Et ton ressort m'a redonné le sourire pour la journée, ça devait être magique ! CA C'EST LA VIE !! T'as bien raison de profiter, je donnerais beaucoup pour pouvoir te rejoindre, là, maintenant, tout de suite !

Take care !

Nath a dit…

Aaaah,j'ai enfin fini de te lire!! Tu as beau dire que tu restes coupé de la civilisation et ne peux pas écrire aussi souvent que tu le voudrais, c'est encore trop pour moi: 17 jours à Cuba, où internet en est à l'âge de pierre, et j'avais complètement perdu le fil!

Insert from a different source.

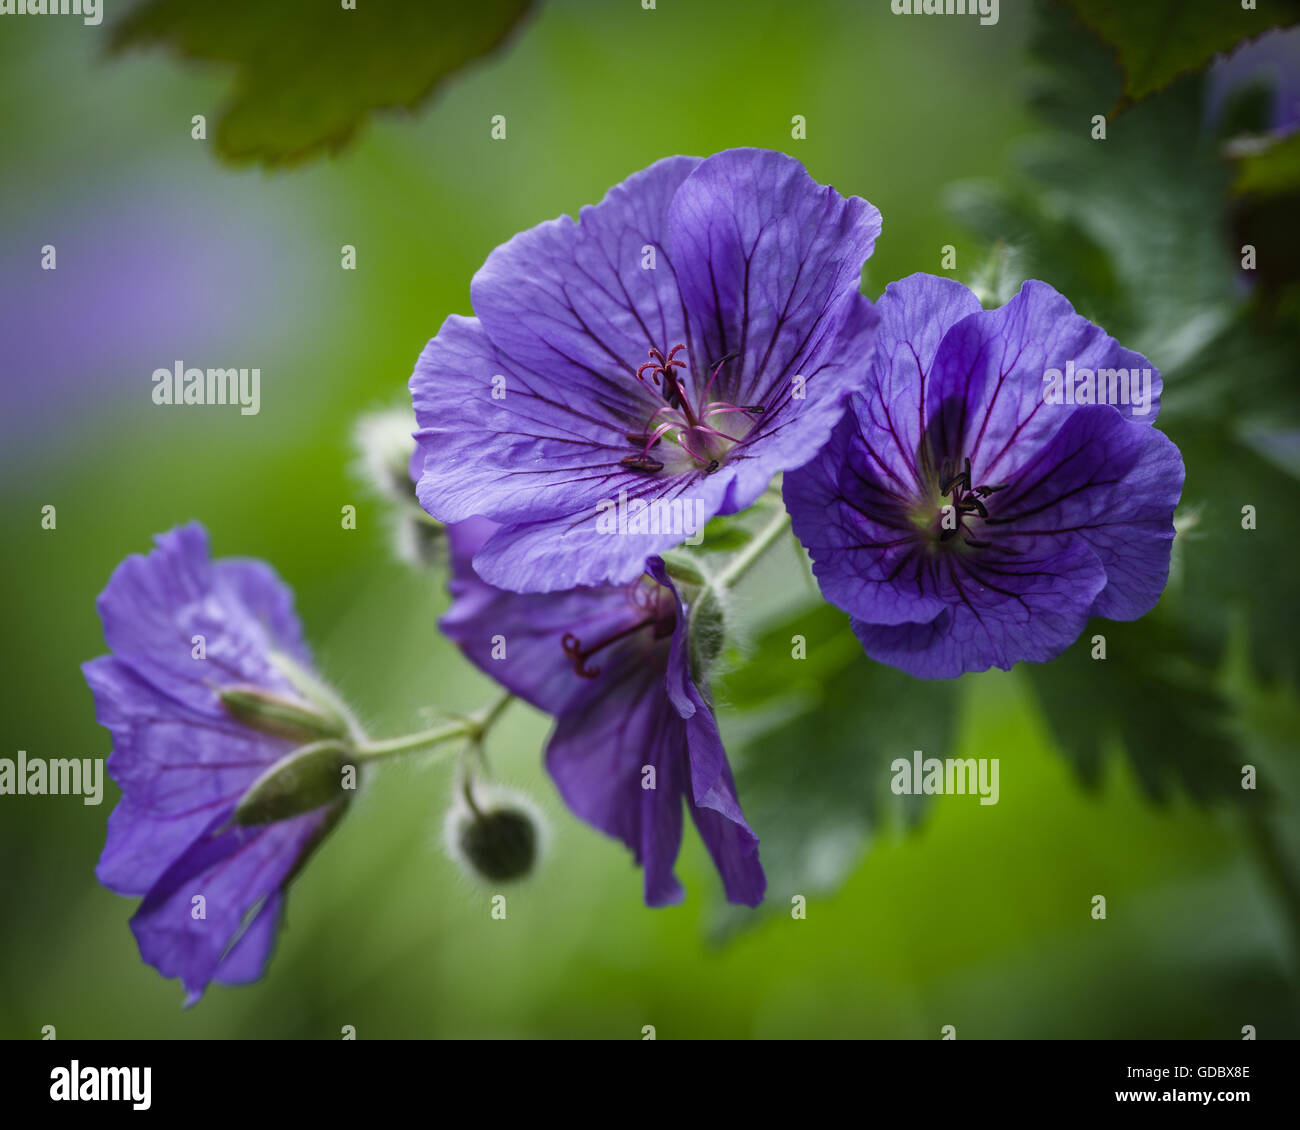 Geranium is a genus of 422 species of flowering annual, biennial, and perennial plants that are commonly known as the cranesbill Stock Photo

Hilarant, ton récit de la traversée en bateau! Et il donne bien envie, ton resort. J'étais aussi passée par Koh Tao, lors d'un camp de vacances en 2002, et c'est vrai que c'est très beau, mais personnellement je me souviens surtout le la diarrhée que j'avais chopée... :S

Lutinvengeur a dit…

Laurent : l'expérience une fois, pas deux je peux te l'assurer.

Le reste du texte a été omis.